Re: bob's and Kahli's suggestions...
Bob's suggestion was good, make the firewall and mail server separate.
so your iptables rules would look like:
(by the way, Kahli, it isn't necessary to specify ethernet interfaces. I do
all my firewalling with a few vpn and anti-spoof exceptions based upon IP
only. This allows for simpler rulesets and more layering of the rules,
rather than have rules attached to specific hardware devices)
assuming you are NATting:
iptables -t nat -A POSTROUTING -s $internalIP -j SNAT --to-source
$externalIP
route external traffic to your public ip: $externalIP to a private IP
mailserver
iptables -t nat -A PREROUTING -d $externalIP -p tcp --dport 25 -j DNAT \
--to-destination $mailhost
Here is an internal webserver, however for whatever reason this mailserver
is using port 8000 (ie perhaps a proxy or webcache or whatever)
iptables -t nat -A PREROUTING -d $externalIP -p tcp --dport 80 -j DNAT \
--to-destination $www:8000
check out some notes for a euglug speech I did last year:
http://www.euglug.org/minutes.phtml?id=28
There are simple sample scripts and examples that will help you do
everything you would want to do while learning iptables.
Cory
-----Original Message-----
From: Kahli R. Burke [mailto:[EMAIL PROTECTED]]
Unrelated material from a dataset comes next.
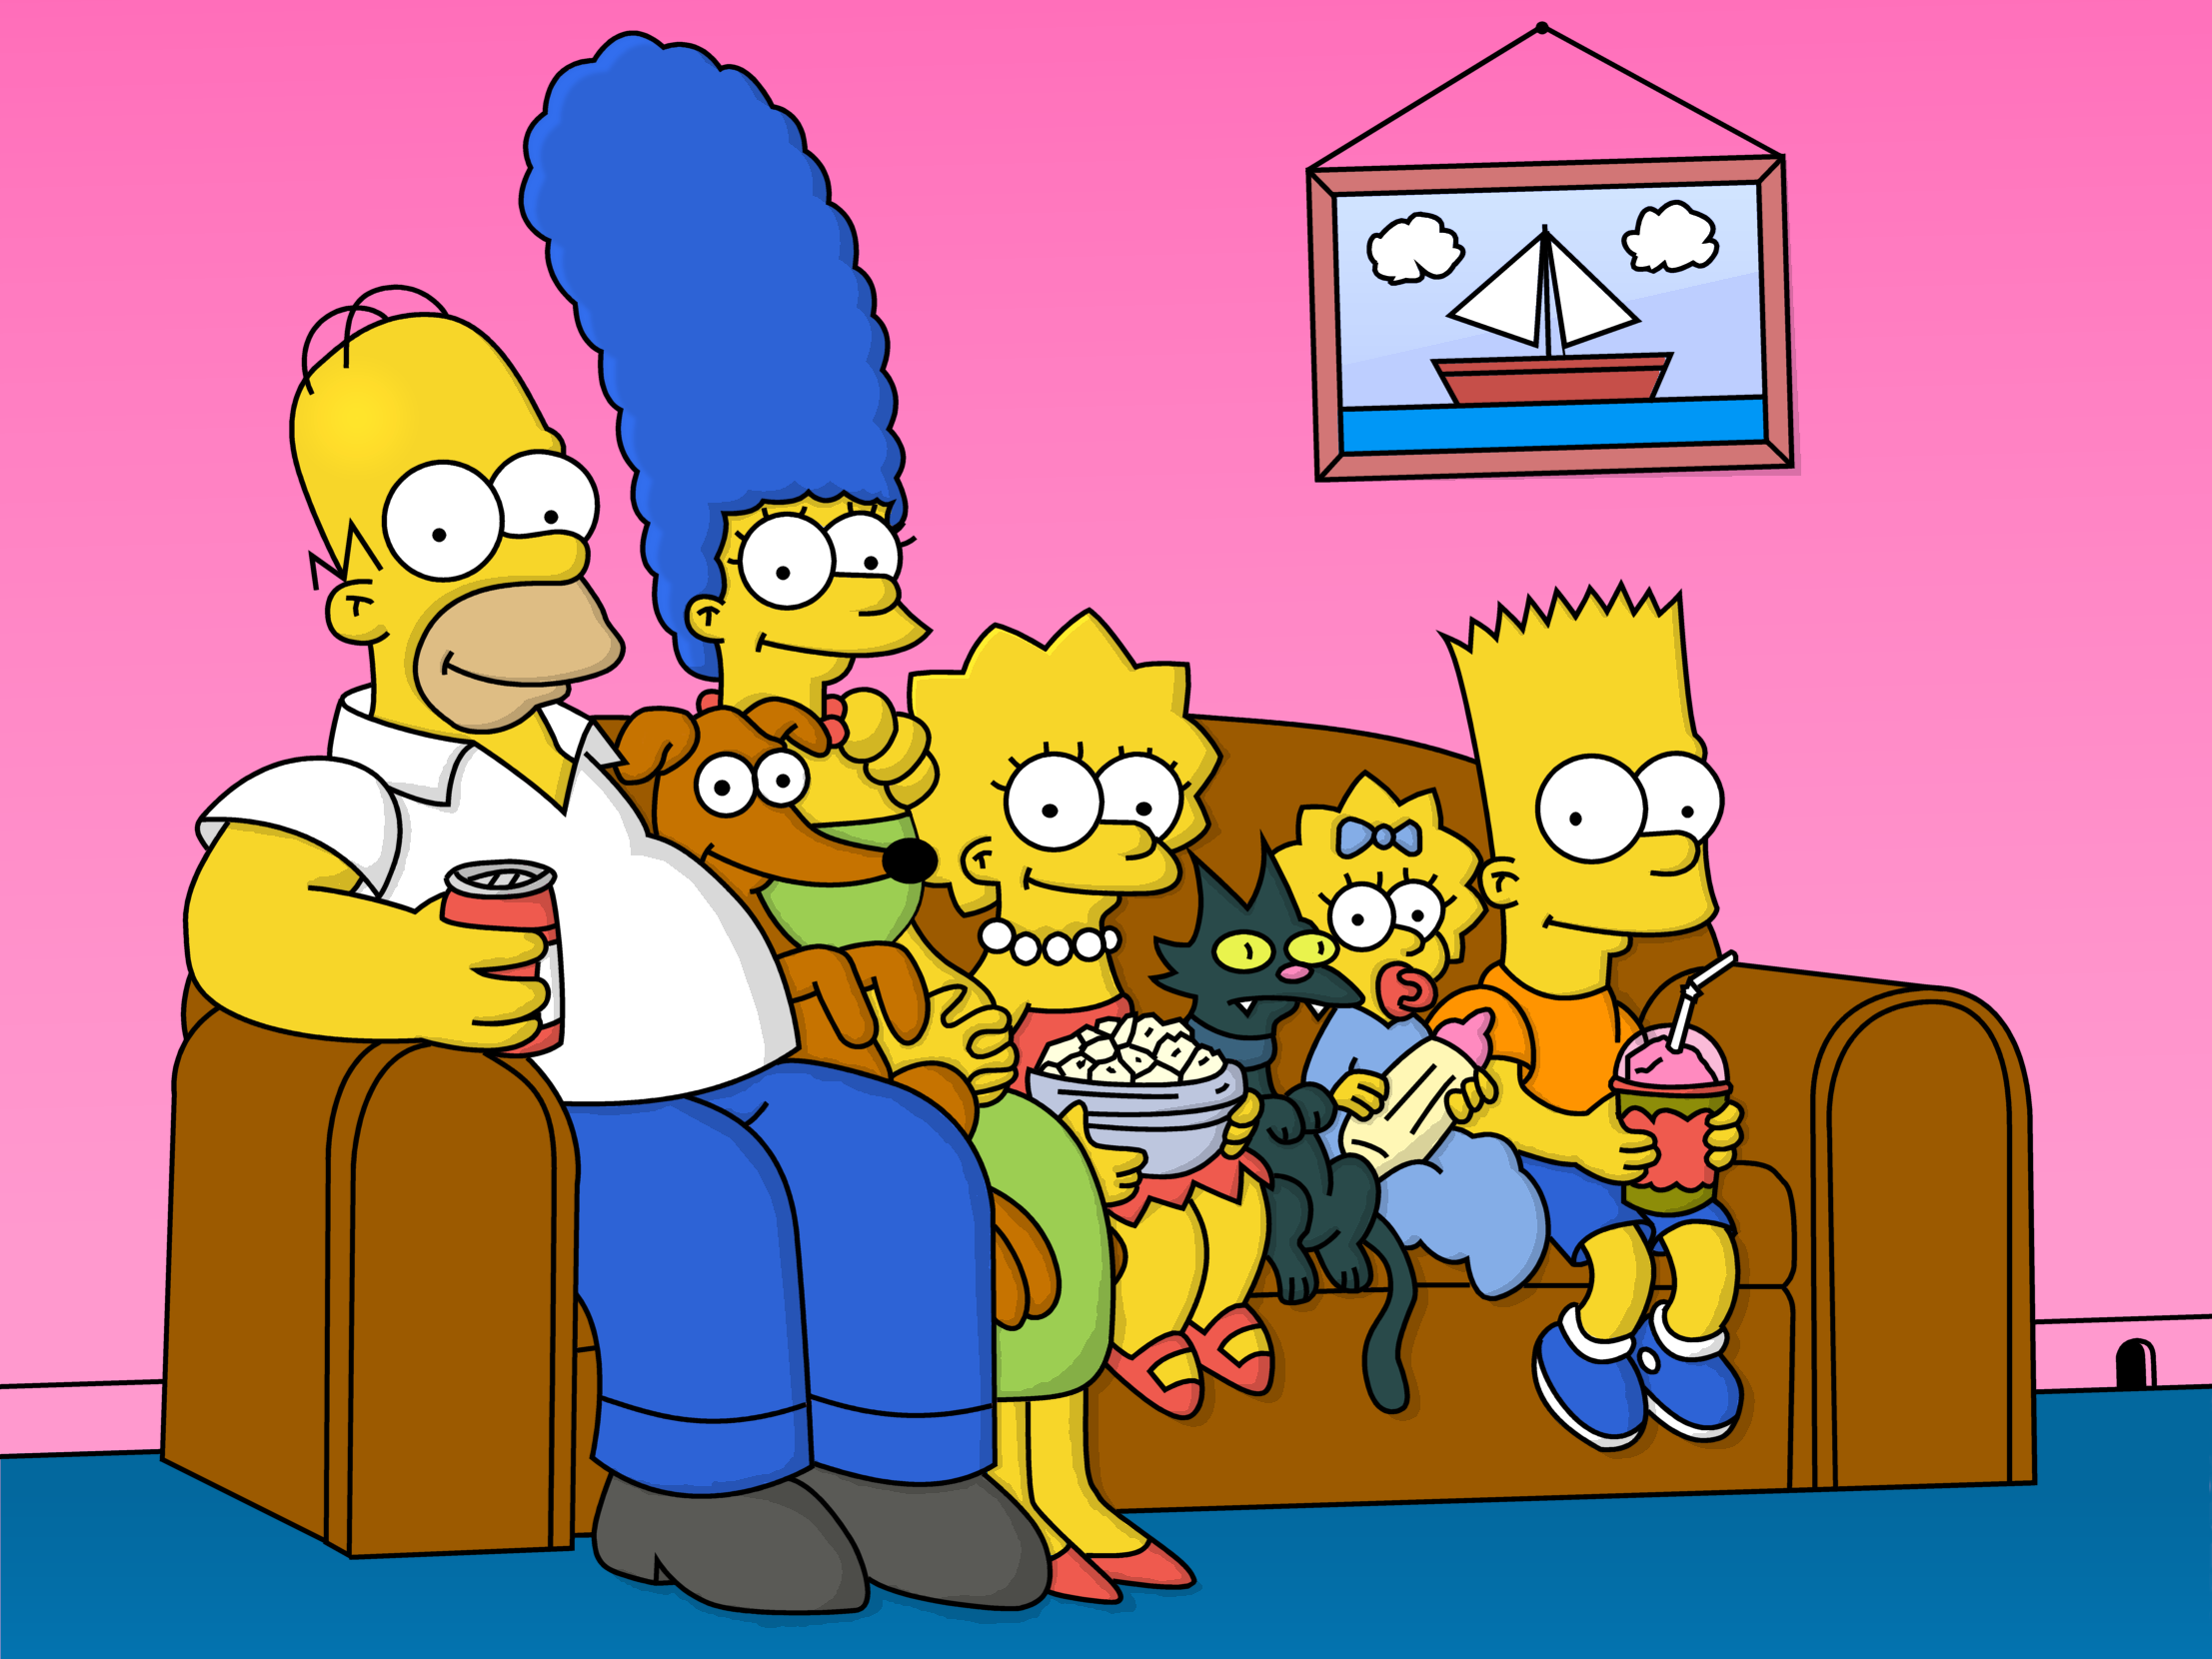 The Simpsons Family Wallpaper Image for MacBook

Sent: Thursday, February 21, 2002 2:13 PM
To: [EMAIL PROTECTED]
Subject: [EUG-LUG:1708] Re: Firewall Configuration
[EMAIL PROTECTED] wrote:
>I am going to be running a mail server. I want to set it up with 2 network
cards. One will be inside of my firewall and I will need to allow access to
ports 22, 25, 110, and 389. On the card outside on the firewall I only want
to allow access to port 25. Is this possible?
>
It's pretty easy to do this with iptables in Linux. So if you have eth0
as your public interface and eth1 as your private interface, you would
set up rules like:
iptables -A INPUT -i eth0 -p tcp --dport 25 -j ACCEPT
iptables -A INPUT -i eth1 -p tcp --dport 22 -j ACCEPT (and more
lines for ports 25, 110, and 389)
So in this case you would be running the packet filter on the mail
box, in addition to anything on another firewall box. You'd have to let
port 25 through any existing firewall as well.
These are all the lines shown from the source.